Ecco l’artista che ha imparato più in cucina che in Accademia.
di Angelo Crespi
Alex Folla sembra un nickname ed è invece il nome vero di Alexandru Folla (madre rumena e padre valtellinese) nato nel 1980 a Oggiono, un piccolo paese dell’Alta Brianza. Alex vive tra Milano e Filorera, frazione di Val Masino in provincia di Sondrio, località amena con 900 abitanti, a pochi passi dal Sasso di Remenno uno dei luoghi sacri del free climbing italiano. Piuttosto che dedicarsi all’arrampicata, tra corde e chiodi, ha preferito colori e pennelli, diplomandosi all’Accademia di Brera e specializzandosi poi a Carrara con Omar Galliani e Aron Demetz.

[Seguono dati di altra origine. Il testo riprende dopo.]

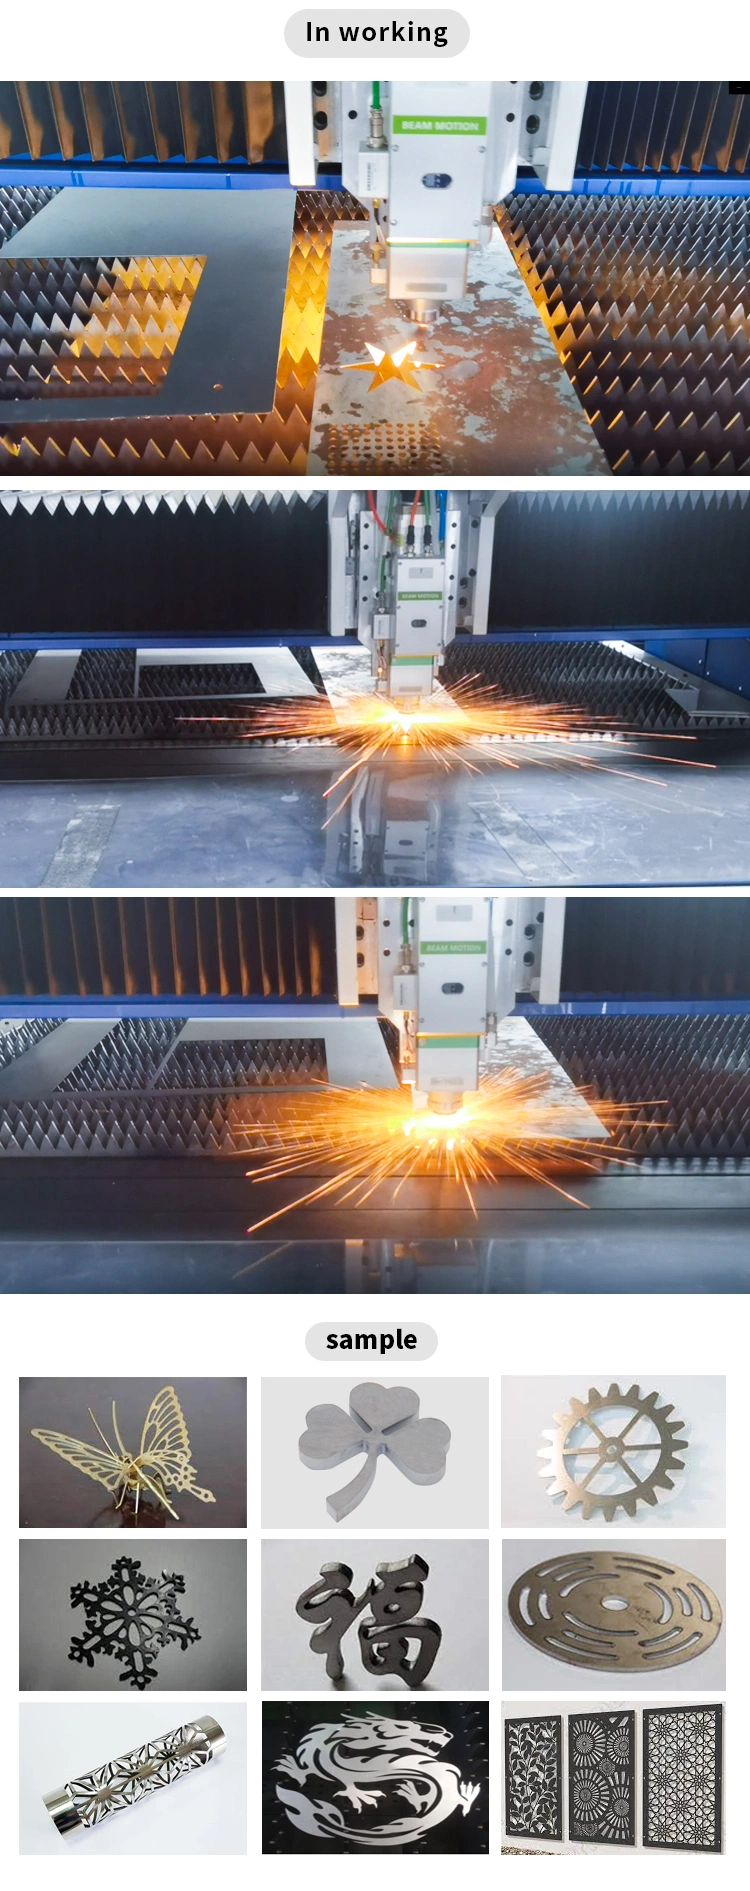 Desktop CNC Fiber Laser Metal Cutting Machine with Exchange Table and Full Protection Cover Option for Plate Carbon Steel Sheet Iron Brass Copper Made in China

Toscano per lavoro, collabora dal 2010 con la galleria Gestald di Pietrasanta e dal 2012 con la galleria Gagliardi di San Gimignano, è russo per matrimonio e in febbraio esordirà in piazza Rossa a Mosca, con una personale alla Triumph Gallery dove esporrà tredici pezzi riguardanti il tema dei santi rivisto in chiave contemporanea.
La sua pittura ha il sapore antico dei grandi maestri seicenteschi (i rossi di Caravaggio), ma Alex ci tiene a sottolineare che “odora di cipolla e salsiccia” perché imparata da solo in cucina più che nelle aule dell’accademia italiana dove la figurazione spesso è bandita in favore dell’informale e del concettuale, mentre lui non disdegna neppure l’affresco alla maniera di Michelangelo. “Nel mio lavoro – spiega – è fondamentale la differenza tra realismo fotografico e realismo pittorico. Il primo riproduce ciò che la macchina fotografica ha ripreso, il secondo, quello a cui tendo, riproduce ciò che è necessario. Il resto viene suggerito all’occhio che ingannato lo visualizza. Un esempio concreto è dipingere in un viso solo la parte illuminata e lasciare che sia l’occhio a ricostruire la parte in ombra che non c’è”.
Così nelle sue varie agiografie, suggestive tele preparate a bitume, la storia dei santi viene rivista in chiave moderna, pur nella tradizione plastica dei corpi a tratti ripresi con violento realismo nella loro fragilità e vecchiezza, corpi che prefigurano “le falene” di una sua altrettanto recente serie dedicata a nudi colti nel loro disfacimento. L’iconografia del Sant’Antonio, tormentato per anni da visioni mistiche, è modernizzata in chiave psicologia: il demone proietta un’ombra sulla mente del santo e ne appanna i sensi e la coscienza per meglio tentarlo con una rapida farfalla, simbolo montaliano di bellezza e voluttà, che gli sovrasta il capo.